[est31]

Yeah this is because the error message printed contains the location of the error as well as the attempted index. Thus, there are differences between the bounds failures and the optimizer can't hoist the check out (plus probably some concerns due to side effects of opaque functions).

[mastax]

I wonder if there could be a flag to tell the compiler that you don't care about getting the exact distinct panic message for each bounds check, please optimize it. I suppose the assert is a flag, in a way, but I mean something more global and automatic. Maybe the compiler could emit a single shared basic block per function that just says "out of bounds access in function foo".

We've learned to accept that when you turn on optimizations, you lose some lines and variables from your debug info. This is a pretty similar trade-off.

[Arnavion]

You can use a custom `#[panic_handler]` item that ignores its `PanicInfo` arg and just aborts. The optimizer should notice that it doesn't need to bother with unique messages. However currently this requires either being a no_std program or compiling libstd without its handler, since otherwise its handler will conflict with yours.

Although, if one is building their own libstd anyway, then I believe compiling with `--build-std-features panic_immediate_abort` should also have the same effect.

[kibwen]

Hm? The existence of panic messages doesn't preclude the optimizer from hoisting a bounds check out of the loop.

[est31]

Actually that made me think... you might be right. I just saw this opinion in earlier threads and repeated it but upon second inspection I either remembered it wrongly, or it is a wrong theory.

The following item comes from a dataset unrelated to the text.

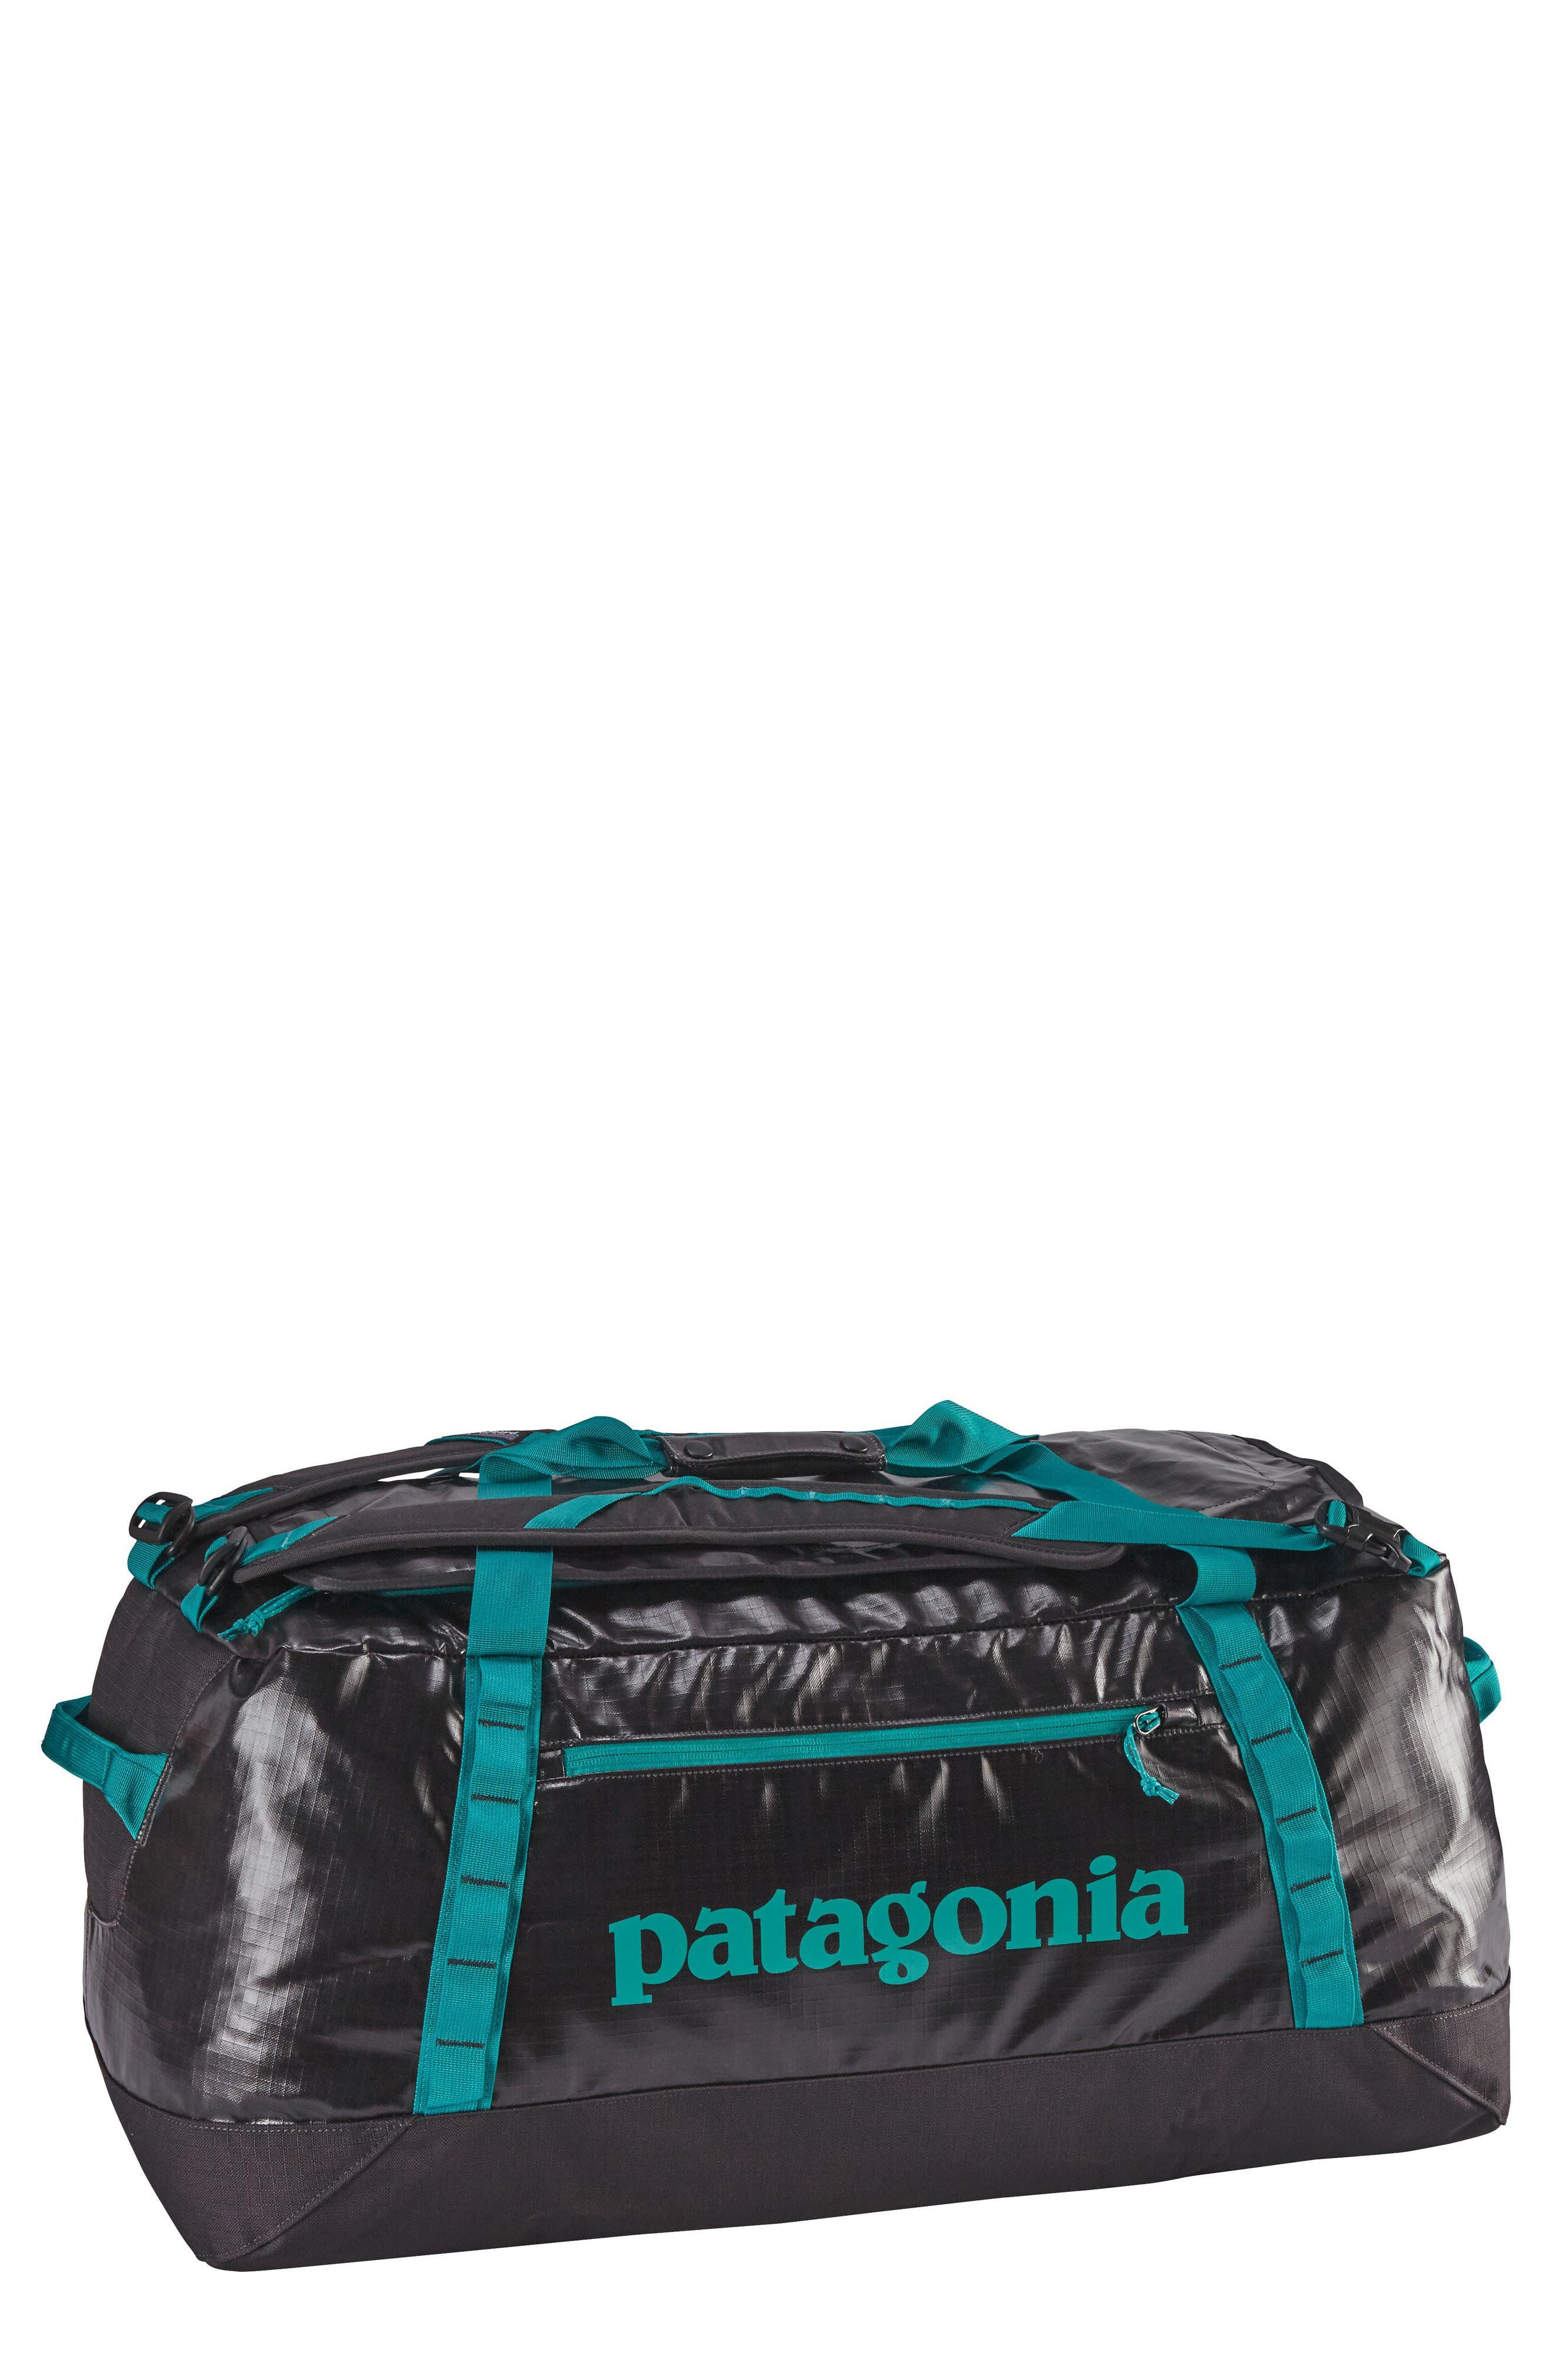 Patagonia Black Hole Water Repellent Duffel Bag
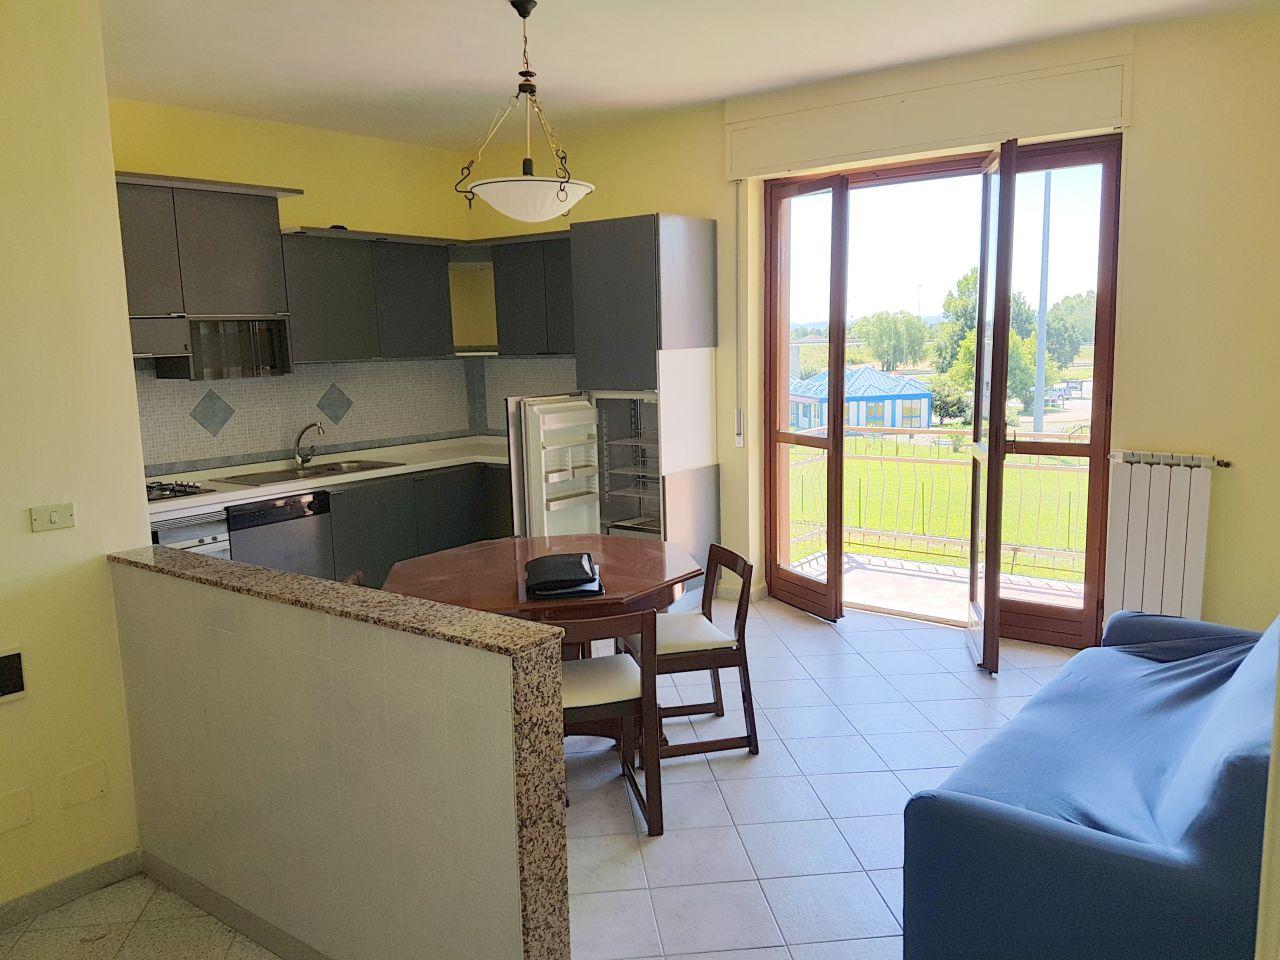 Appartamento in affitto a Rondissone, 3 locali, prezzo € 400 | CambioCasa.it

I think the issue is more the side effects than the panic message. I have tried making a side effect free loop like for i in 0..44 { v[i]; } but it compiled down to a "if array length is larger than limit X, then call panic_bounds_check". On the other hand, if you replace the v[i] with soon-stable black_box(v[i]), you see that the loop remains. It doesn't know what black_box is doing so it has to run the code. The optimizer is in this case very happy if you have a check before the loop.

https://rust.godbolt.org/z/5x46edeTb

[Someone]

But Rust doesn’t have a spec (https://doc.rust-lang.org/reference/ gets closest, but explicitly states “Rust compilers, including rustc, will perform optimizations. The reference does not specify what optimizations are allowed or disallowed” and “this book is not normative”), so it doesn’t promise what kind of error you’ll get or when.

I would think a Rust compiler could hoist the check outside of the loop at least sometimes (it might not want to do it if the loop made changes that are visible from outside the loop, such as changing a volatile variable or doing I/O)

[tialaramex]

Rust doesn't have "volatile variables" that's a weird C thing which then ends up in C++ and related languages because nobody wants to touch this mess.

The purpose of "volatile" is to mark MMIO so that the memory reads and writes don't get optimised out because they actually perform I/O. Everywhere you see volatile abused to do something else (yes including Unix signal handlers) that's because C has a hammer and so now everything looks like a nail to C programmers. In a few cases this abuse is guaranteed to work (and results in a lot of heavy lifting elsewhere to achieve that) in most cases it's just luck.

Rust has generic intrinsics which perform memory read/write that won't get optimised out, which is the actual thing C needed when volatile was invented.